There were no cell phones, which was just as well when buried under a sea of handwritten tickets. Distractions were the enemy of organizing the grill, not to mention a path to cutting yourself or burning yourself or, worst of all, overcooking an egg.

Fresh baked bread at Angelo's Restaurant in Ann Arbor.
Fresh baked bread at Angelo's Restaurant in Ann Arbor.

When someone expects over-easy and forks into a congealed center? That ain’t the way to survive a line that never ends. Nor is untying your apron, angrily tossing it onto the floor and storming off to the walk-in cooler.

I did that once in the middle of a rush. A weak-kneed lapse from which I had to be coaxed back upstairs by Vangelatos after one too many tirades from my line partner, a talented but ornery short-order cook.

I’d left the line, and my co-workers in a lurch, a DEFCON 1 no-no in the high-pressure industry of eggs benedict and blueberry waffles, cheeseburgers, hash browns and dry — DRY! — egg-white omelets; oh yes, egg-white omelets, a status symbol in those days and a contradictory concoction of veggies and, say, ham, impossible to flip without oil or butter or even a spray of "Pam."

Wide drywall mud spreaders worked best; God forbid a yolk and a little grease.

The customer was always right, though, and in the tensest moments, remembering this simple platitude helped navigate the day.

I thought of that phrase last week when the news broke. I thought about Vangelatos and Juback and all the other family members who helped build Angelo’s into an iconic spot.

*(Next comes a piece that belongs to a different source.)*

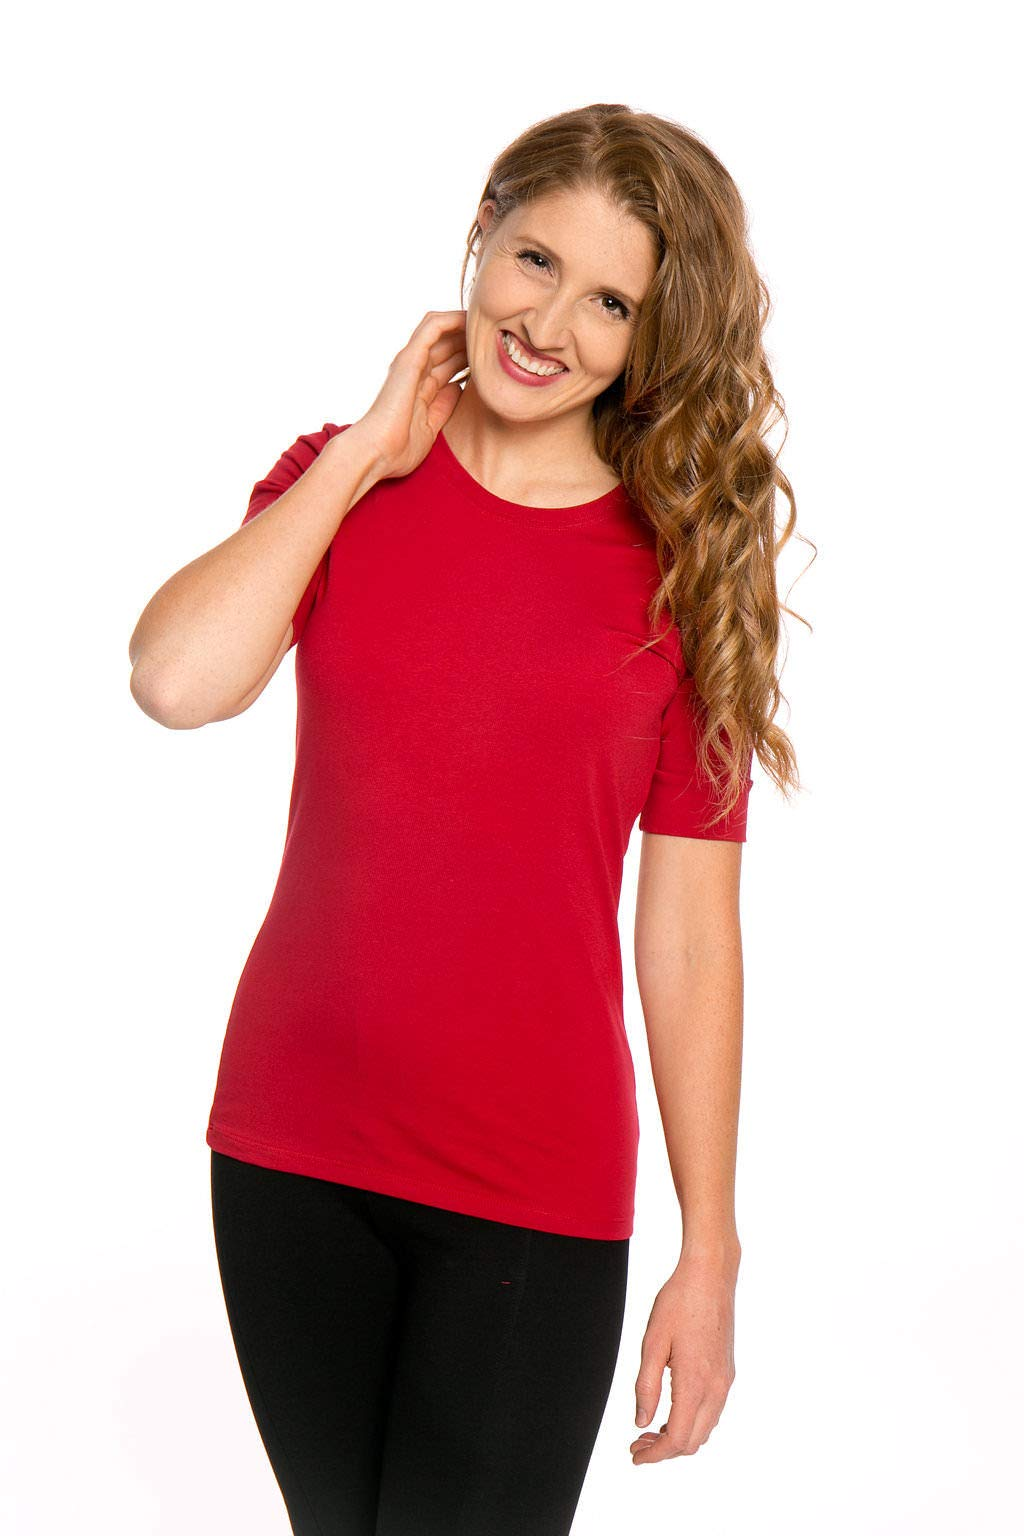 Heirloom Clothing 1/2 Sleeve Tango Red Medium

I thought about what it means to build a gathering place that can survive endless food trends, adapt through three generations of cultural and technological change, the loss of its founder and a pandemic.

I thought about what it means to embed in a community so long a group of regulars from the early 90s can graduate from U-M, head back east, start careers, begin families, return 30 years later to celebrate their own kids’ graduation from the same university, and take a drive to the corner of Glen and Catherine, pray for a parking spot, and order the exact same dish they did all those years ago:

Hot turkey sandwiches, open-faced and steaming, smothered in chicken gravy.

They were known as the “hot turkey boys,” and when they were students, they came in most Friday afternoons. A few of them reached out to Vangelatos last week, planning a trip for this fall for one last meal, preferably around Ohio State weekend.

“They want to throw a party,” Vangelatos said.

They’ll need to get in line. No, not that line, but the line to mark the end of something meaningful, the line to reflect, to say thanks, to buy a T-shirt — Vangelatos sold 60 of them the day after the sale.

The line to remember where you were when Angelo’s came into your life, and where you are now as it prepares to slip away this December. I’d cooked before I got the job at Angelo’s. I’d written a few freelance pieces, too.

But I didn’t know I could do either until I learned to breathe in the middle of all that heat and pressure, and to find calm in the face of all those tickets.